A recent study from the Buck Institute for Research on Aging has uncovered that brain sugar metabolism, specifically the breakdown of glycogen in neurons, may play a protective role against Alzheimer's disease and other forms of dementia.

In models of tauopathy, tau proteins bind to glycogen, which traps it and hinders its breakdown, thereby impairing the neuron’s capacity to manage oxidative stress—a critical factor in neurodegeneration.

The study found that increasing the activity of an enzyme known as glycogen phosphorylase (GlyP) can help clear excess sugar from neurons, leading to reduced tau accumulation and oxidative damage.

Moreover, dietary restriction (DR) has been shown to boost GlyP activity, yielding improved outcomes in tauopathy models, with pharmacological mimetics like 8-Br-cAMP able to replicate these beneficial effects.

The collaborative research approach, which integrated expertise from various fields such as fly aging, neurodegeneration, proteomics, and human induced pluripotent stem cells (iPSCs), significantly contributed to the study's findings.

The implications of the study suggest that GLP-1 drugs, while primarily used for weight loss, may also have therapeutic potential against dementia by mimicking the effects of dietary restriction and promoting healthy brain metabolism.
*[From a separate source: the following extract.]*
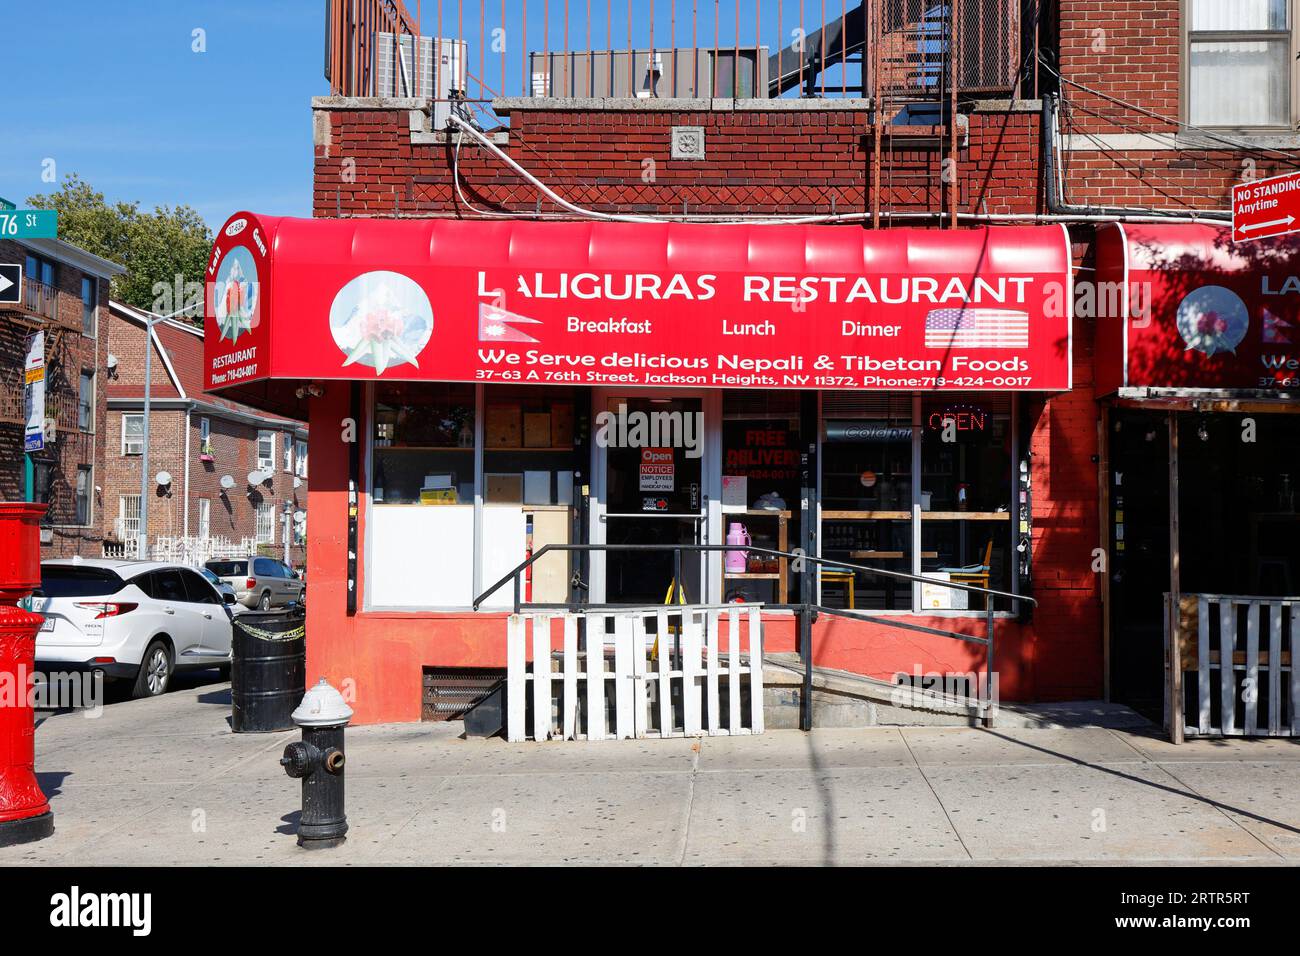 Restaurant Laliguras, 37-63 76th St, Queens, New York. Photo de la vitrine de New York d'un restaurant népalais et tibétain dans le quartier de Jackson Heights Banque D'Images

Researchers also observed similar glycogen accumulation and protective effects of GlyP in human neurons derived from patients with frontotemporal dementia, indicating a promising avenue for translational therapies.

Professor Pankaj Kapahi emphasized the significance of this research, noting that glycogen plays an active role in neurodegeneration rather than merely serving as an energy reserve.

The study's findings were bolstered by the collaborative efforts of various laboratories at the Buck Institute and Emory University, which contributed significantly to its methodologies and conclusions.

Interestingly, GlyP levels can be naturally increased through fasting, and this enzyme's activity may also be enhanced by GLP-1 receptor agonist drugs, which are typically prescribed for weight loss.